Exercise instructions:
Print the records below exactly, starting at the first line and stopping after the line that contains "Urgence dentaire - Commune de Boynes". Leave out any pictures.

Information provided:
=== Begin Enclosure ===

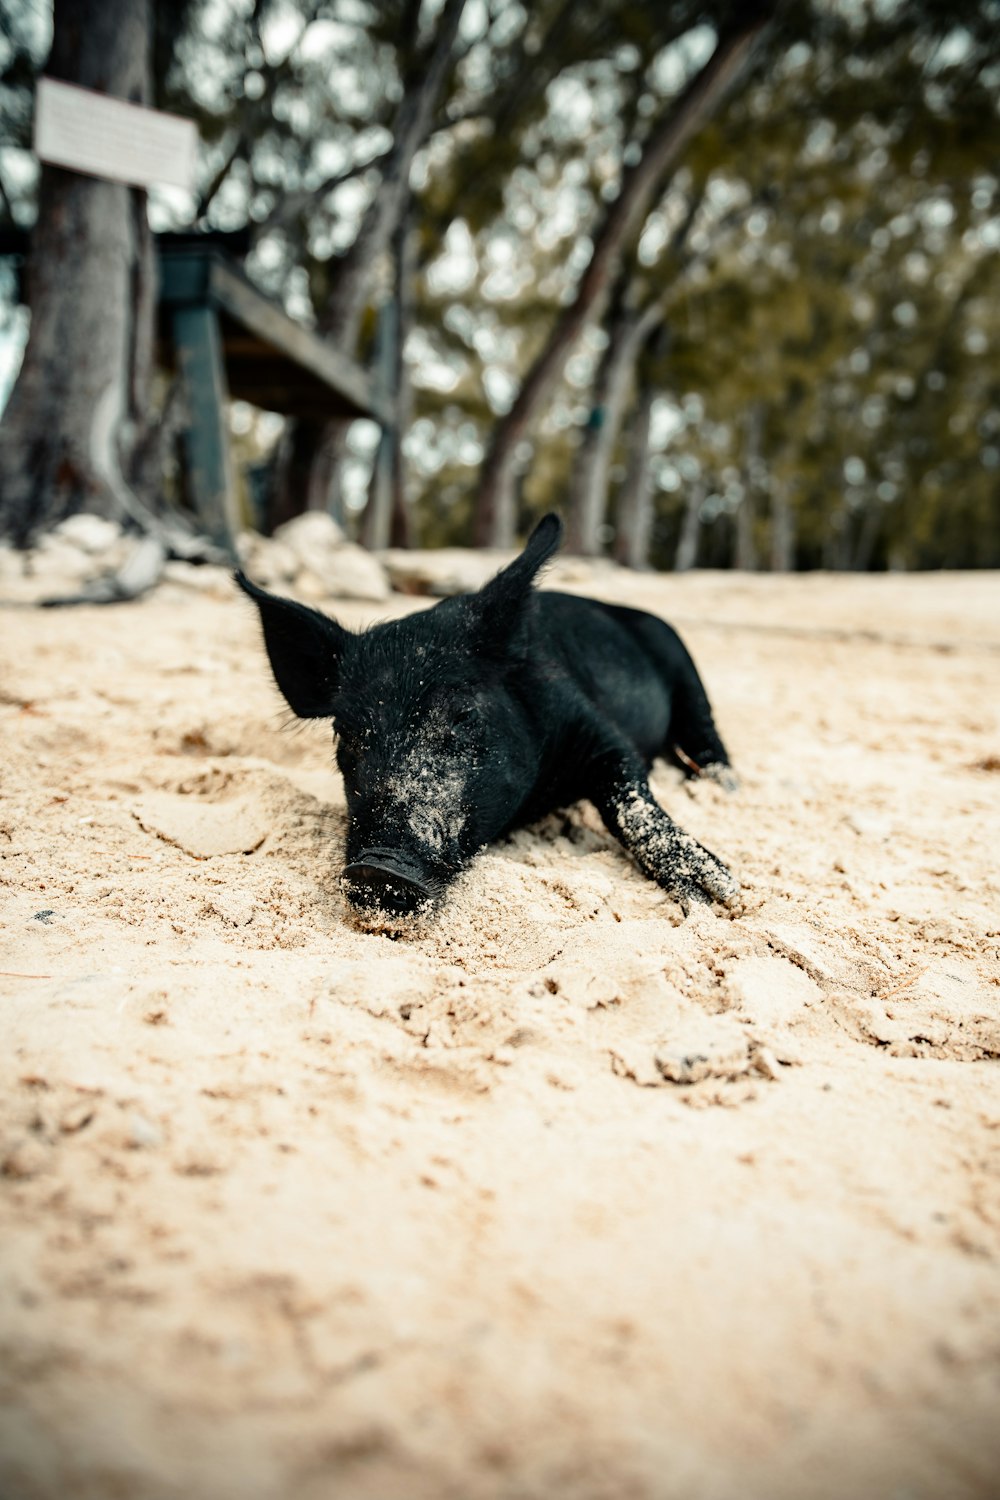 black pig walking on brown sand during daytime
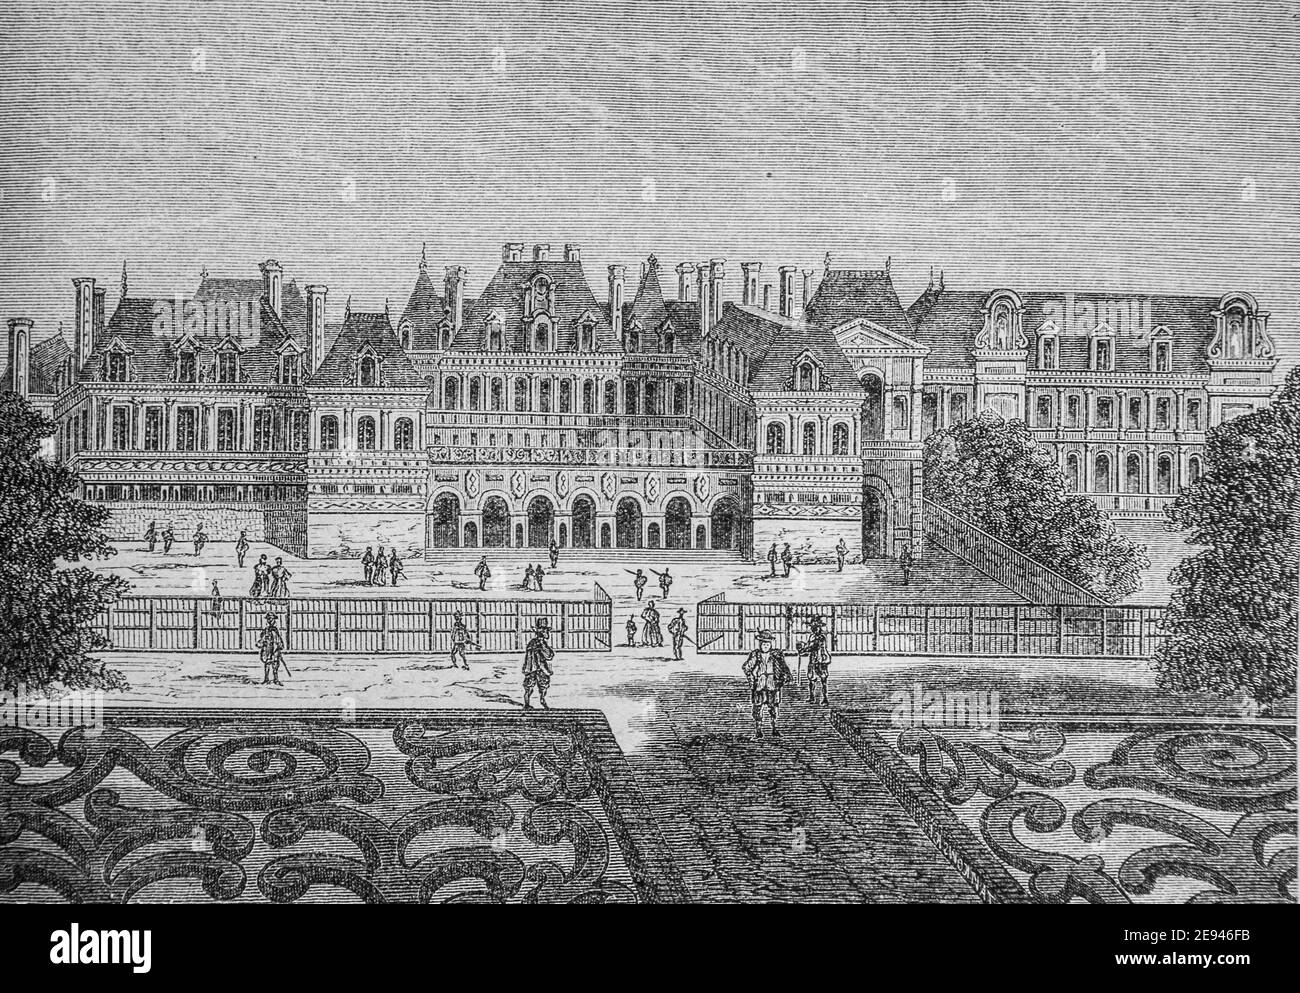 l'ancien palais cardinal ,aujourd'hui palais-royal1500-1600, histoire populaire de frrance par henri martin,editeur furne 1860 Stock Photo
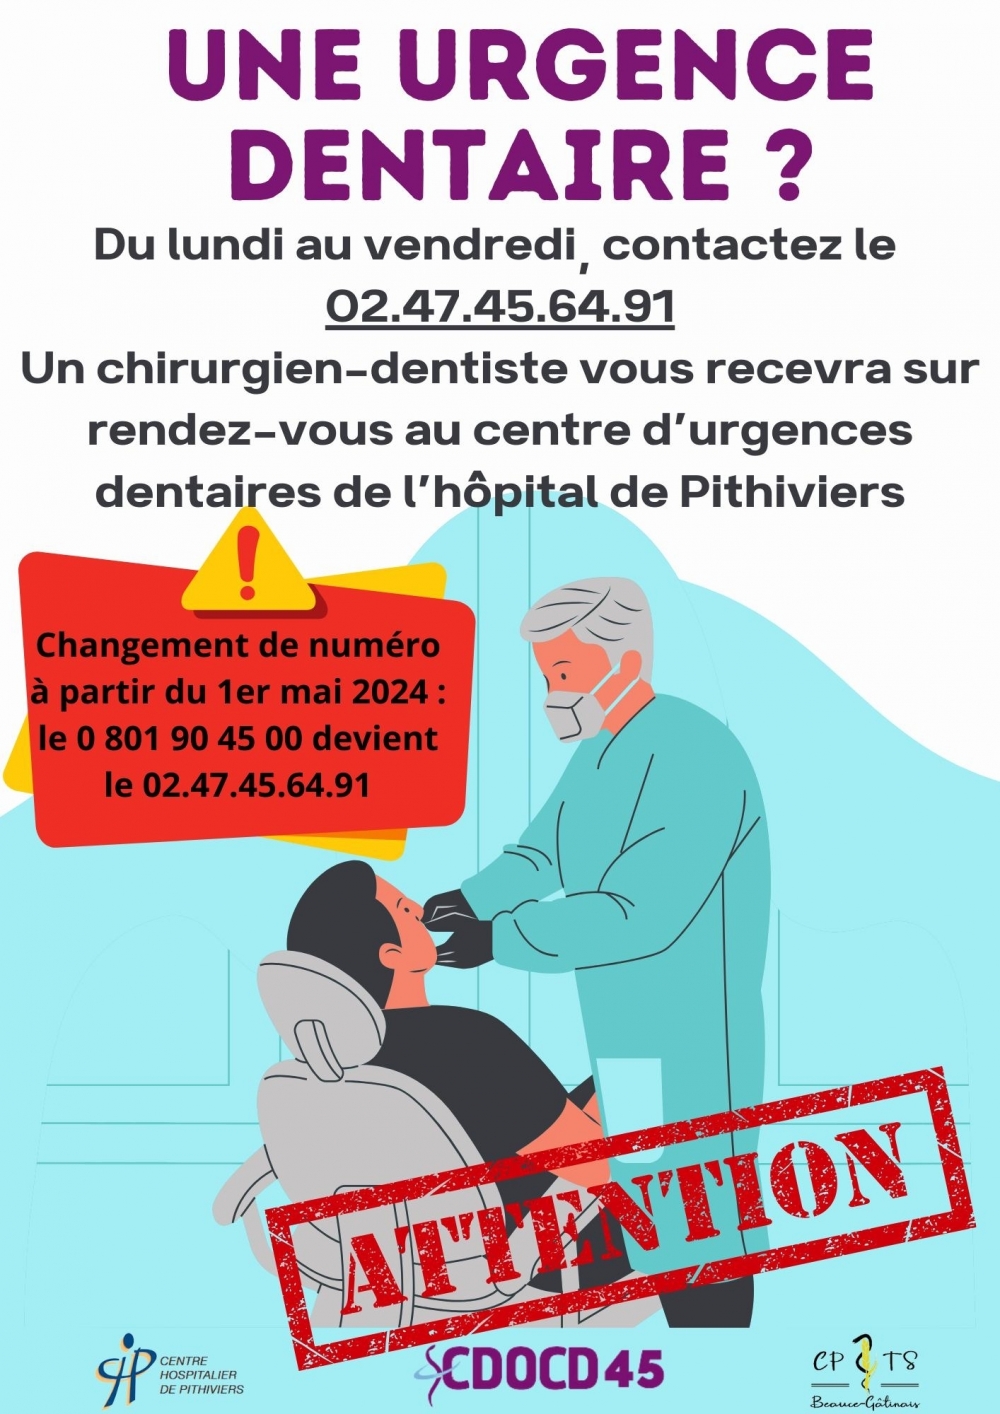 Urgence dentaire - Commune de Boynes
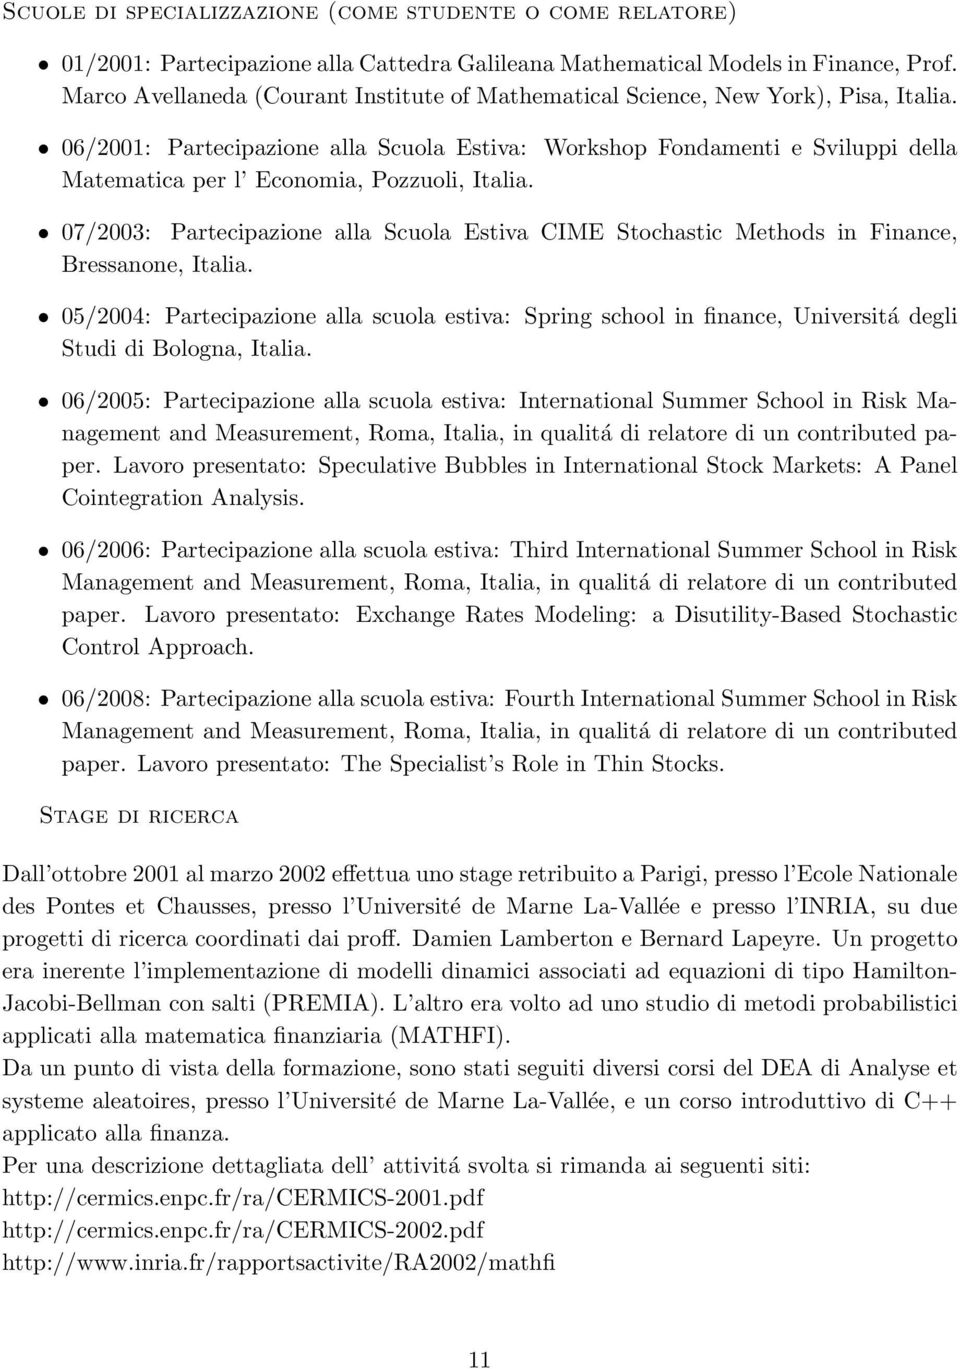 06/2001: Partecipazione alla Scuola Estiva: Workshop Fondamenti e Sviluppi della Matematica per l Economia, Pozzuoli, Italia.
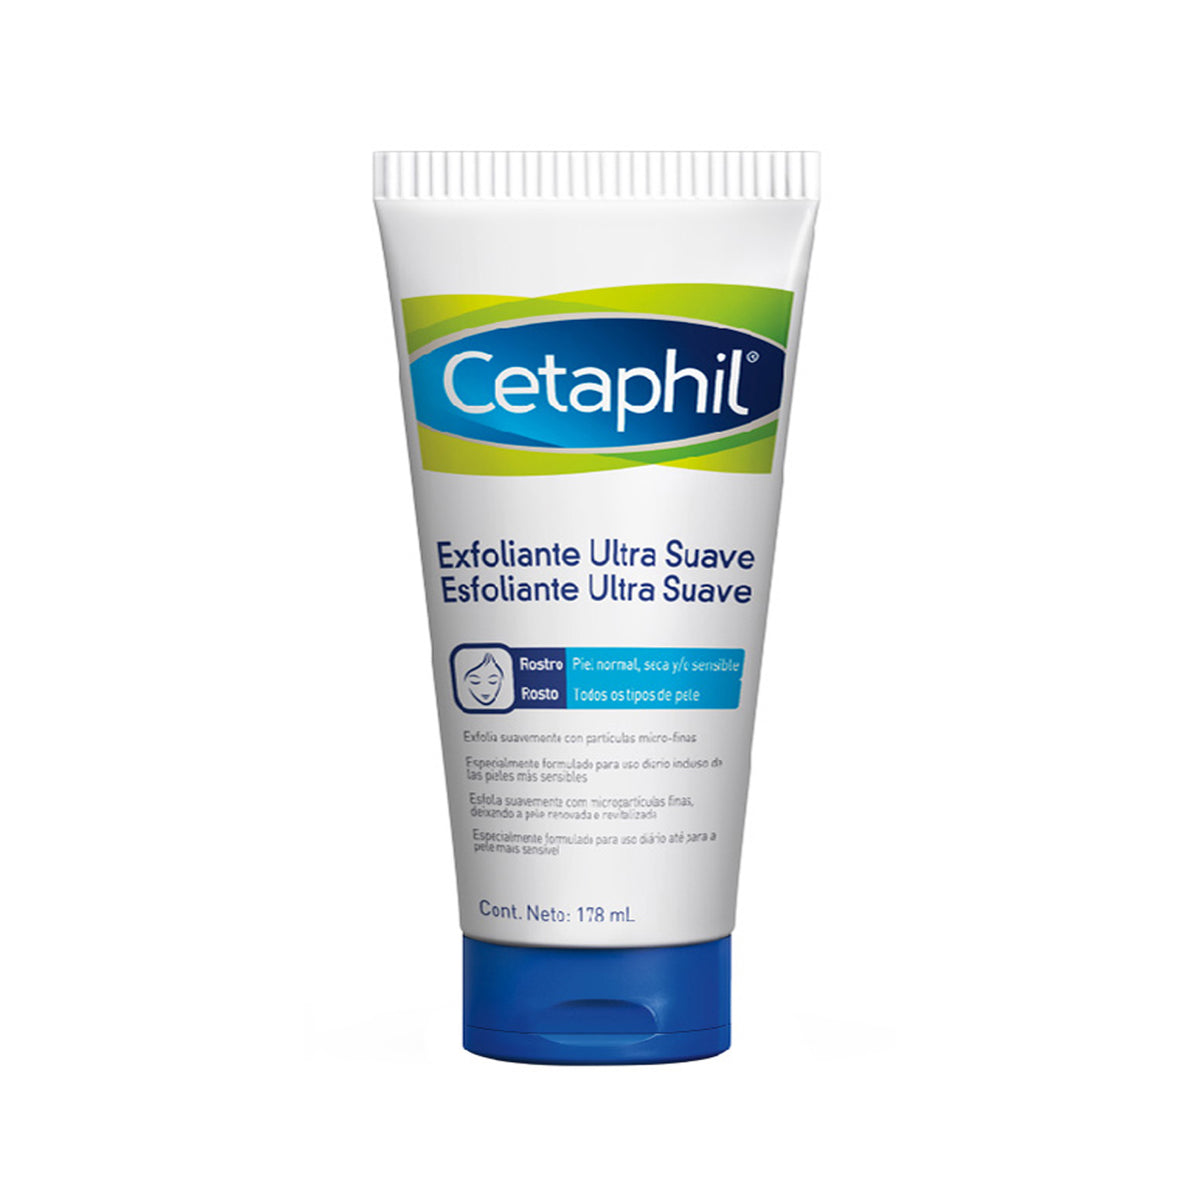 Cetaphil Exfoliante Ultra Suave

=== End Enclosure ===

Solution for this exercise:
 black pig walking on brown sand during daytime
 l'ancien palais cardinal ,aujourd'hui palais-royal1500-1600, histoire populaire de frrance par henri martin,editeur furne 1860 Stock Photo
 Urgence dentaire - Commune de Boynes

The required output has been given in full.